After West Beirut, Lila dit ça, and The Attack, Ziad Doueiri’s ‘The insult’ is another excellent journey from beginning to end. What starts as a small dispute between Tony Touma (Adel Karam) a Lebanese Christian survivor of the 1976 Damour Massacre, and Yasser (Kamel El Basha), a Palestinian refugee residing in the camps and working as a foreman in Toni’s neighborhood, develops into a national court-room case. A dispute involving racism, warlords, and war-debts.
Though the film begins with a disclaimer that ‘none of its content is real and all is fiction’, much of it is very insightful and true to our reality – The disclaimer was most probably used since some Lebanese/Palestinians are very sensitive to political belongings and views, made understandable in the film.
Kamal el Basha and Camil Salameh are masters of their craft. Under Doueiri’s coaching, their performances are so raw and believable that one feels very included in all of their scenes and their dialogues; while Adel Karam gives a true performance for his role.
The women of The Insult are beautifully featured. The strong, the intelligent, and the conscious.

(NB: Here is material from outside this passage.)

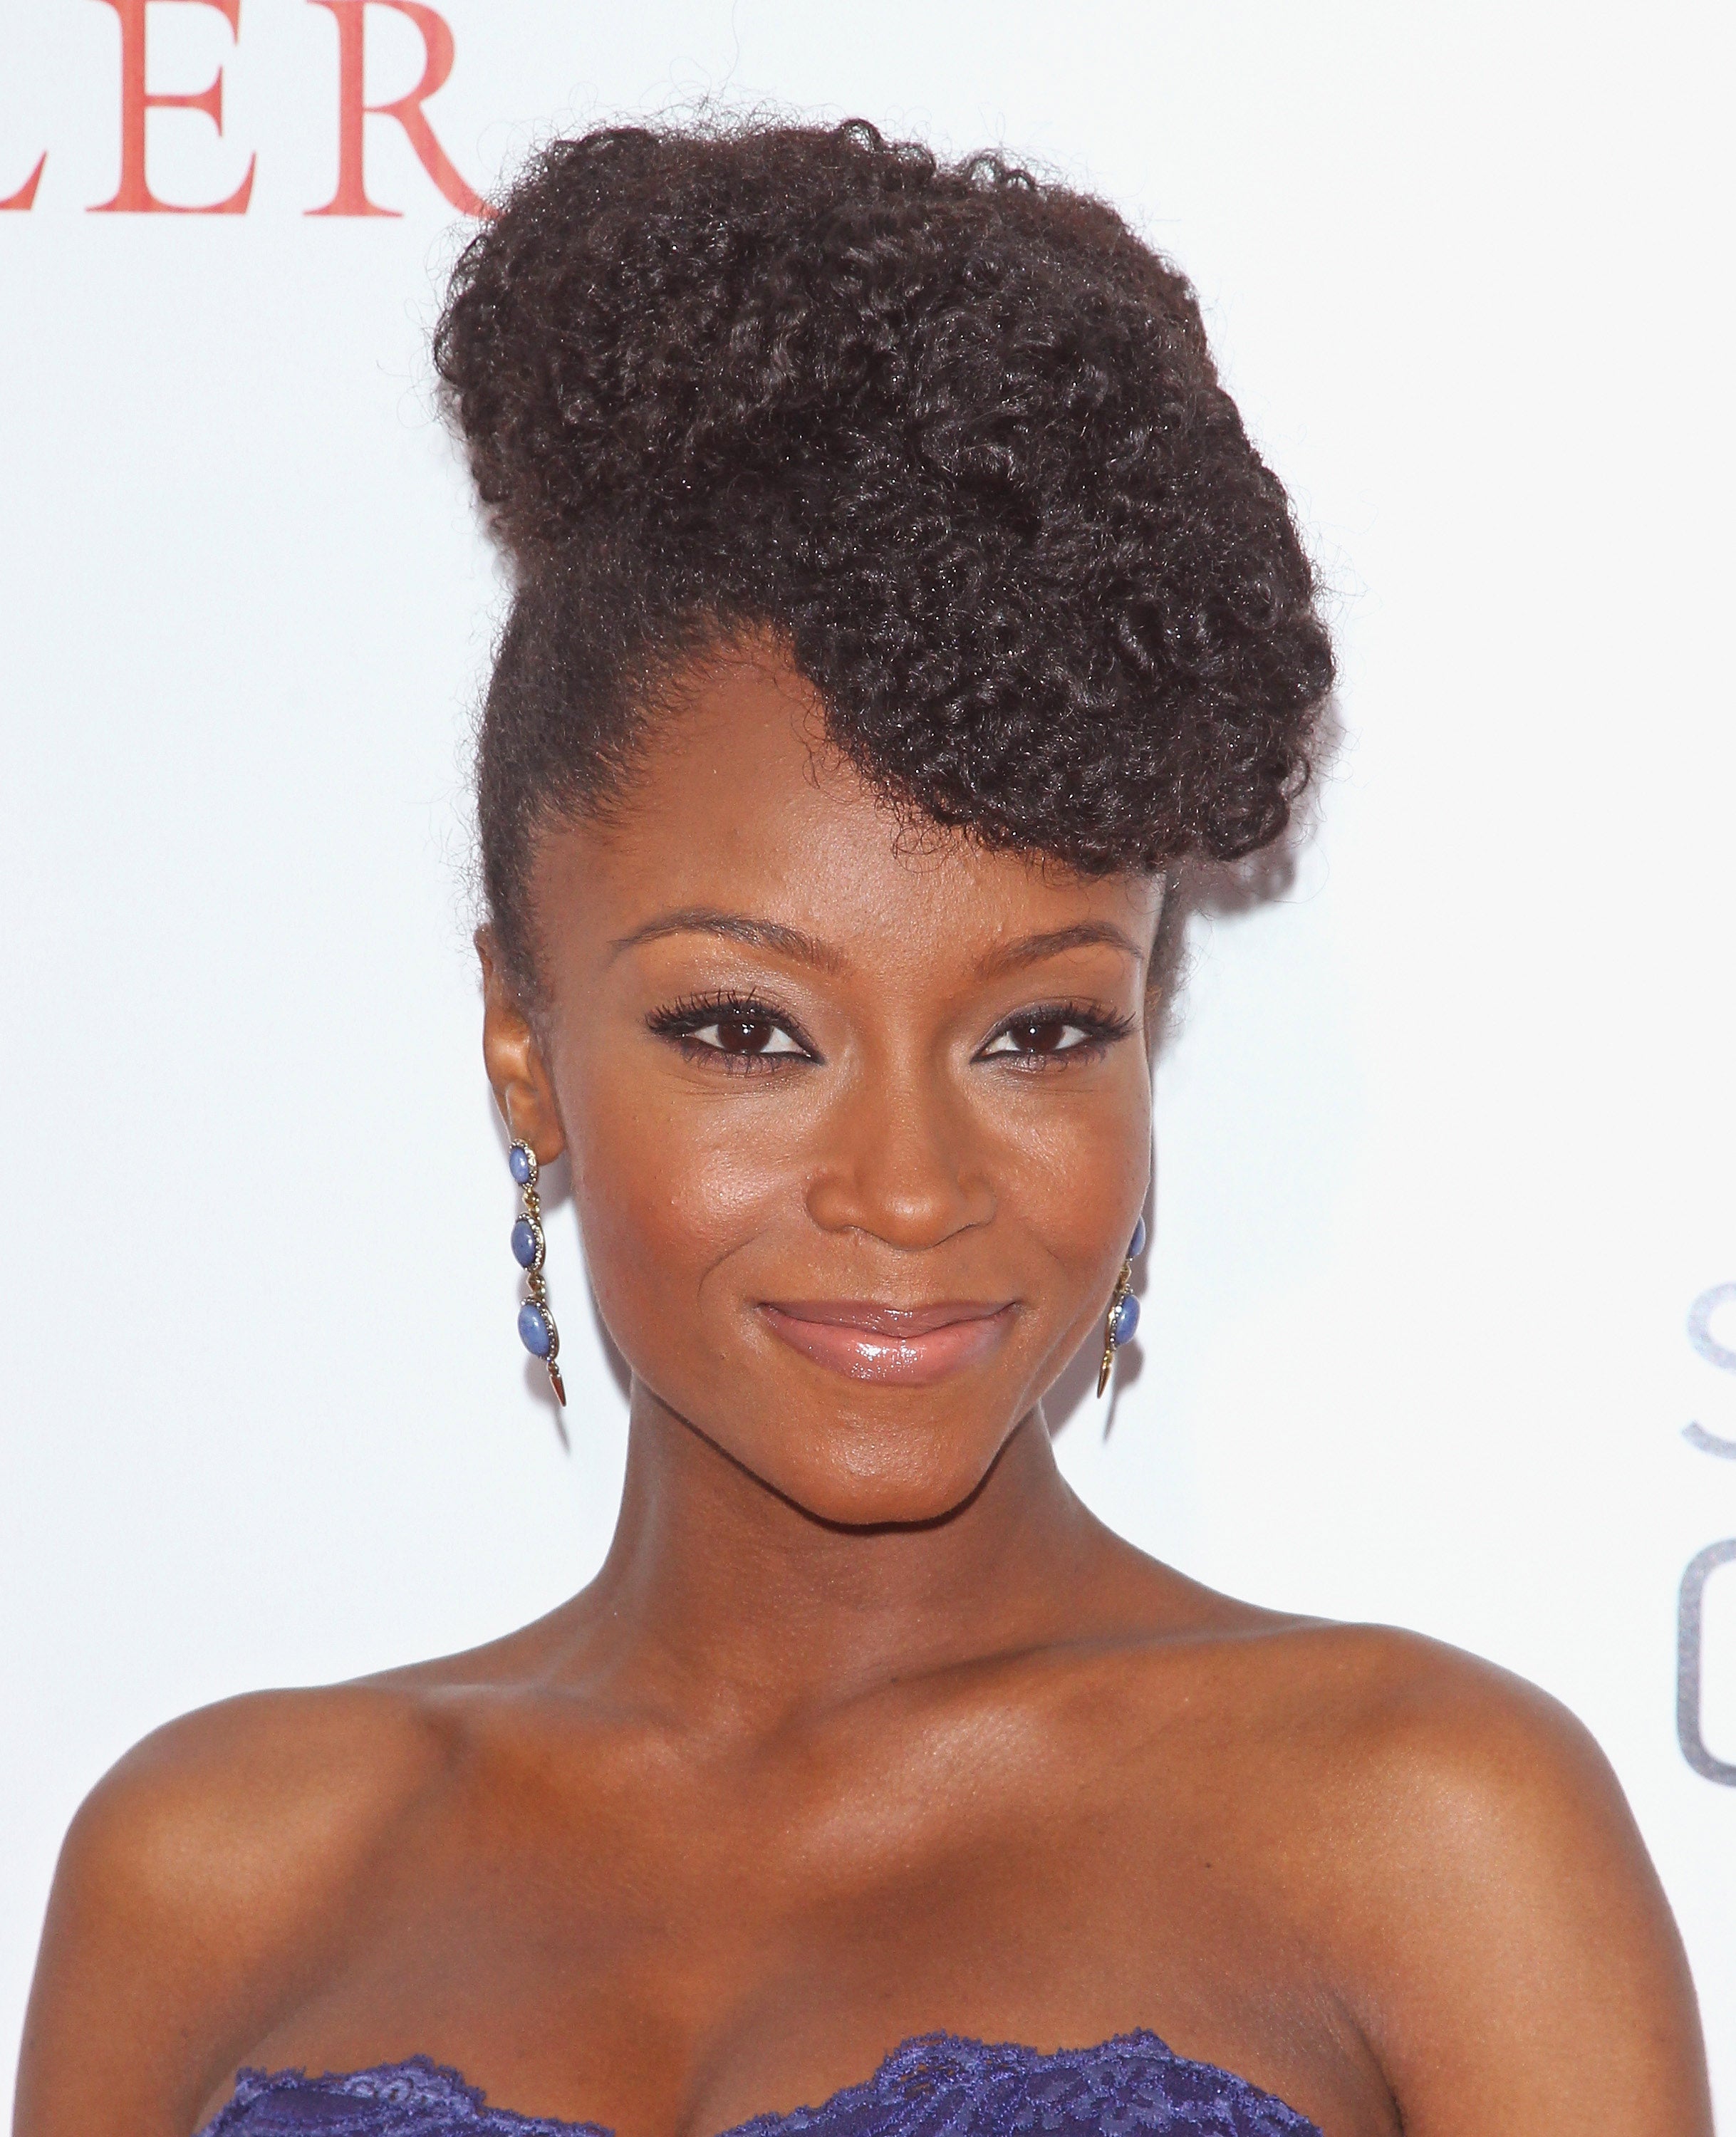 The Best Celeb Natural Updos
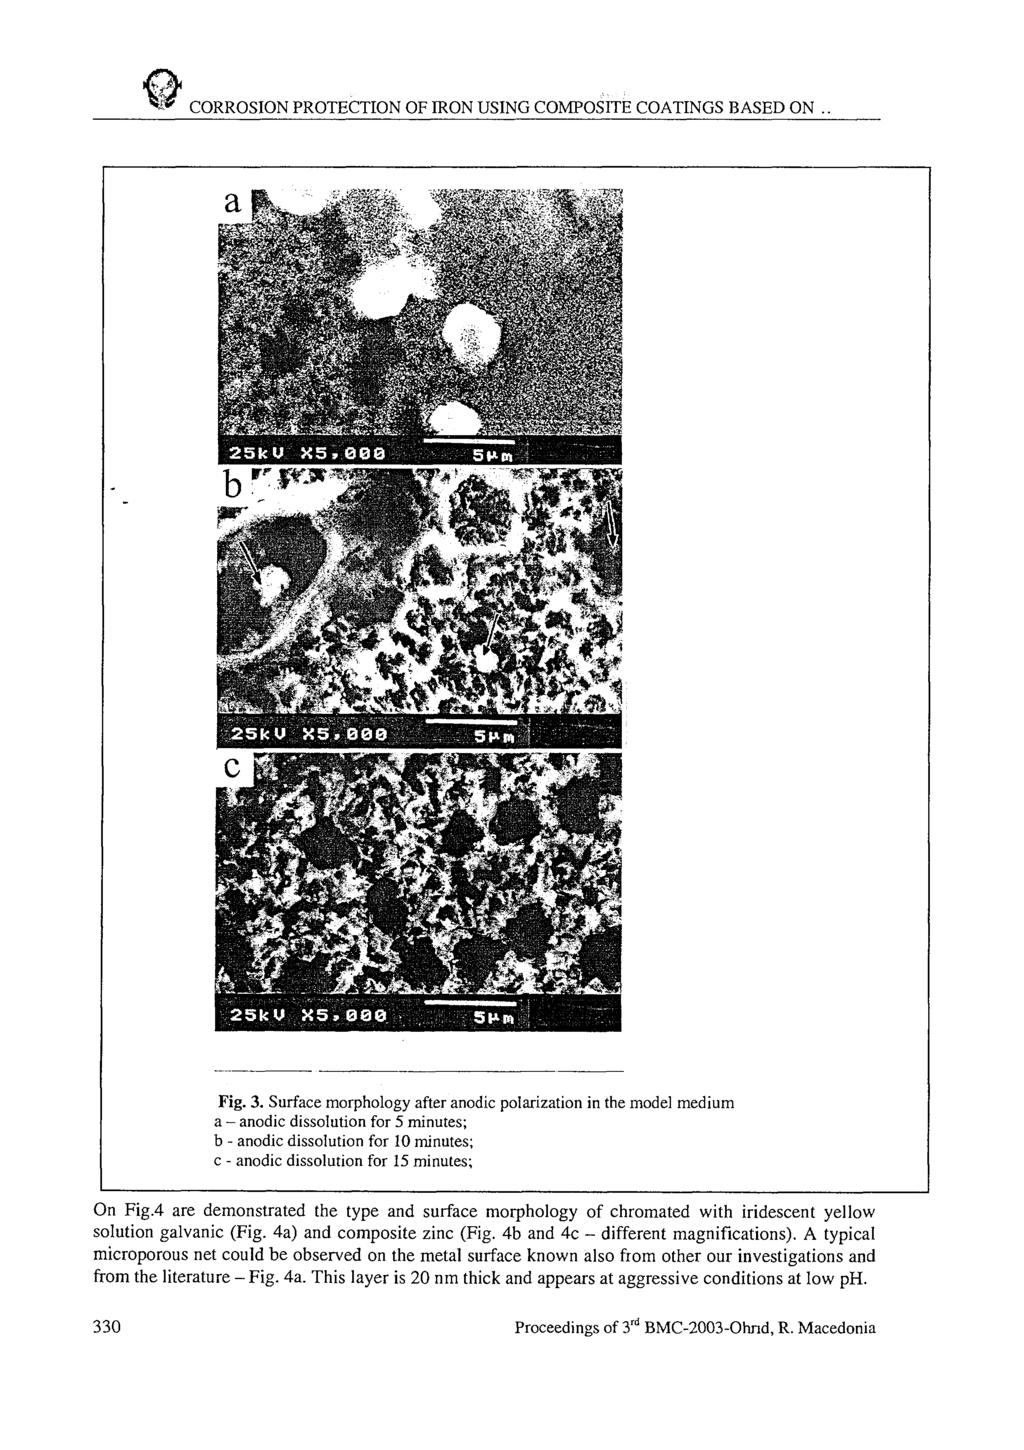 CORROSION PROTECTION OF IRON USING COMPOSITE COATINGS BASED ON Fig. 3.

Diamand Bou Abboud is captivating, showing true depth to her character and true conviction in every word she speaks playing the lawyer of Yasser and defending him in court.
Rita Hayek, Tony Touma’s wife, proves herself, as one that can hold her own and act the part alongside the ever so unbeatable Christine Choueiry.
Structure & Script:
Co-written by Joelle Touma and the Director Ziad Doueiry, the film unfolds beautifully and meticulously, as it builds gradually from a small dispute to a nationwide cause. The scripts and dialogues themselves are very true to how real Lebanese speak and not some poetic and preach-like sentences written to fill-in lines. While you might not break in tears or laugh out loud, the film leaves you on-edge throughout.
Craft & Image:
Lebanon looks real. The framing and camera movement really include the spectator in the movie. While the color of the images represents the dusty and tired streets of our country.
What I didn’t fall in love with:
Though the film is entirely commercial – with a cause – the music, in my opinion, was a little too commercial one that doesn’t stick and at times overwhelms the scene. The graphics are not very appealing and a bit basic. A little bit “Hollywood-ish”, a little bit, just a little, at times.
The reason my review is not a scene by scene is because I would hate to reveal the whole plot. “The Insult” will be in cinemas on September the 14th, a story about tolerance and an unbiased view on the people of post-war Lebanon, which is a must-watch! The Film is also taking part in many reputable International Film Festivals and it does deserves the attention.